[Collected material]
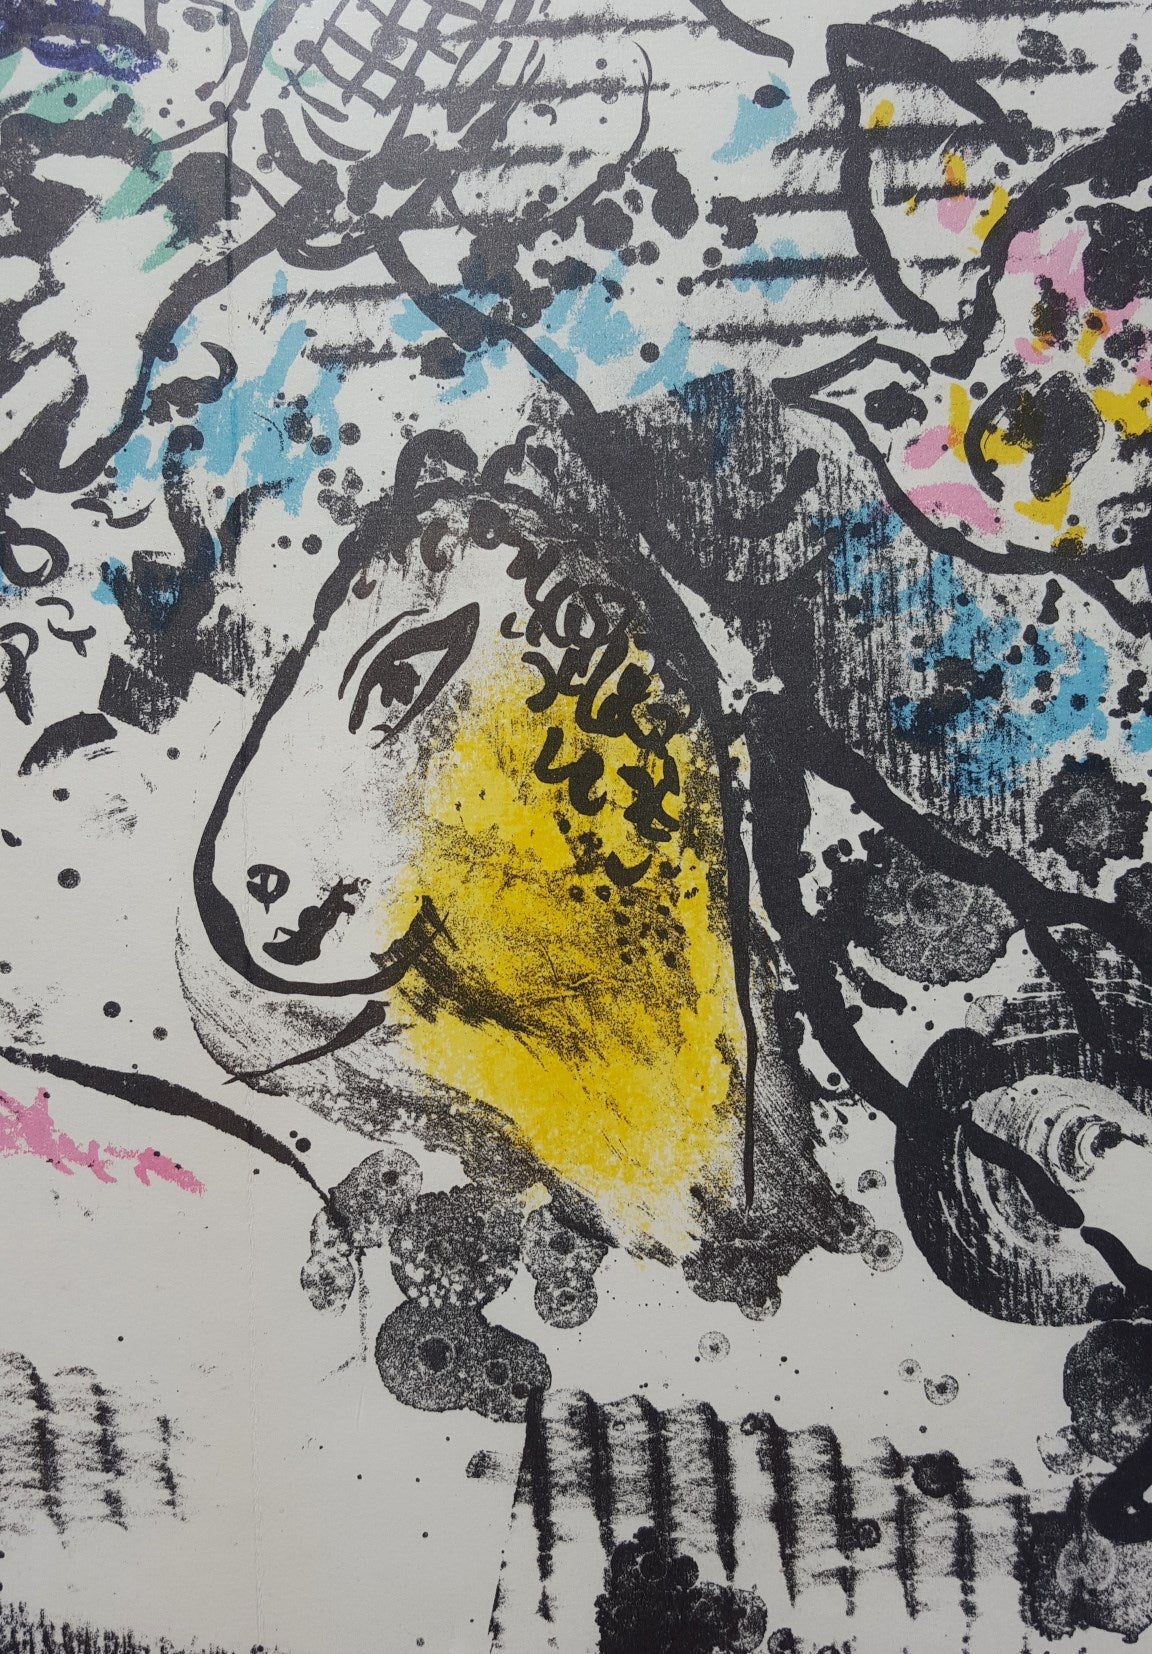 An original unsigned lithograph by Belorussian-born French artist Marc Chagall (1887-1985) titled 
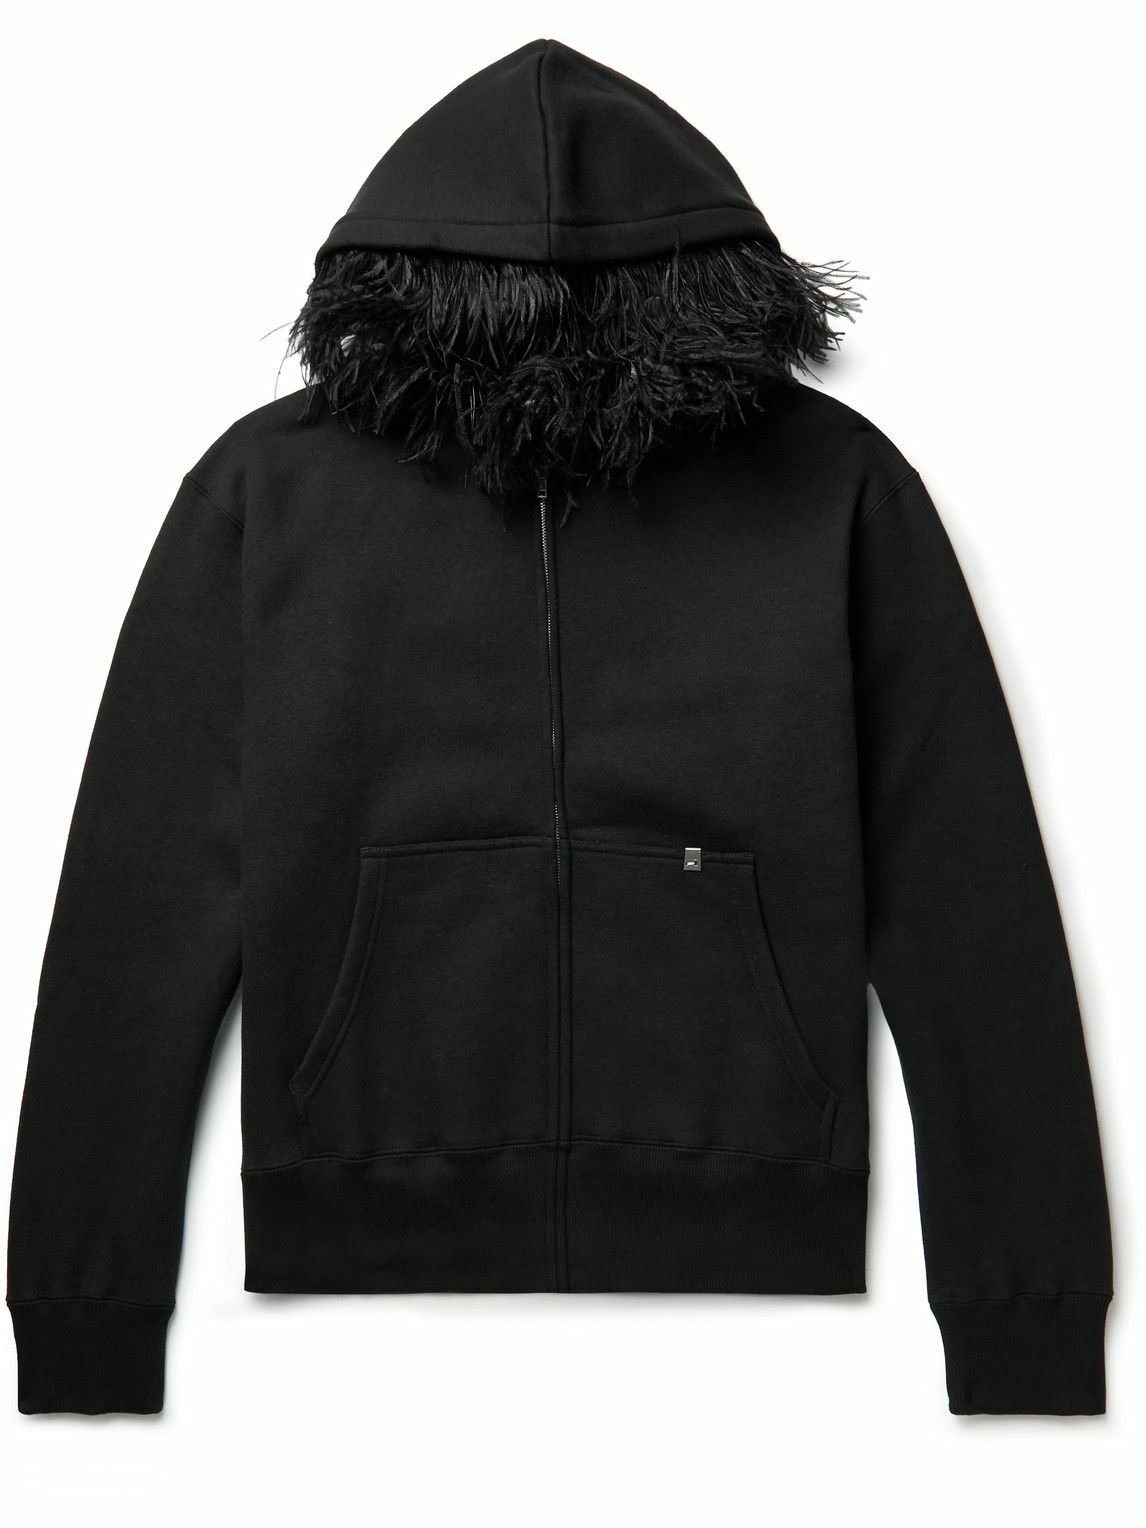 1017 ALYX 9SM - Feather-Trimmed Cotton-Jersey Zip-Up Hoodie - Black
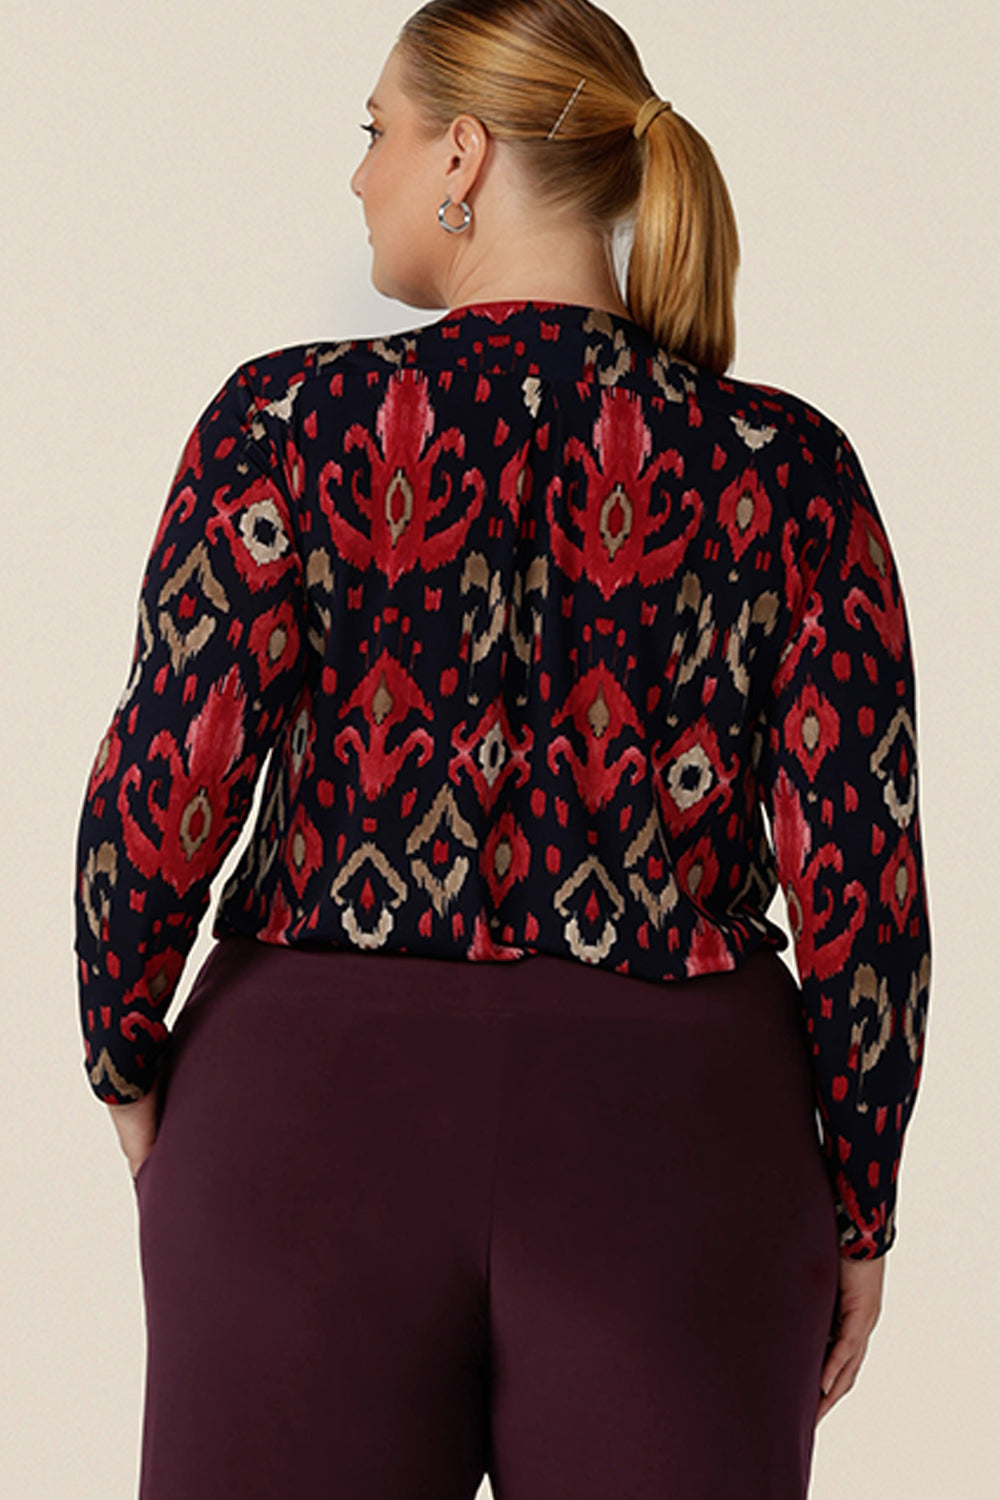 Back view of a great workwear top for women, the Dakota Top in Ikat is a V-neck, long sleeve top in soft stretch jersey. Shown here in a size 18 on a curvy woman, this top is made in Australia in sizes 8 to 24, petite to plus sizes.

[What needs to be done]
Starting at the first line of the listing above, write out each line exactly and nothing else until you reach the line containing "1017 ALYX 9SM", which is included as well; omit all pictures.

[Problem solution]
 An original unsigned lithograph by Belorussian-born French artist Marc Chagall (1887-1985) titled 
 1017 ALYX 9SM - Feather-Trimmed Cotton-Jersey Zip-Up Hoodie - Black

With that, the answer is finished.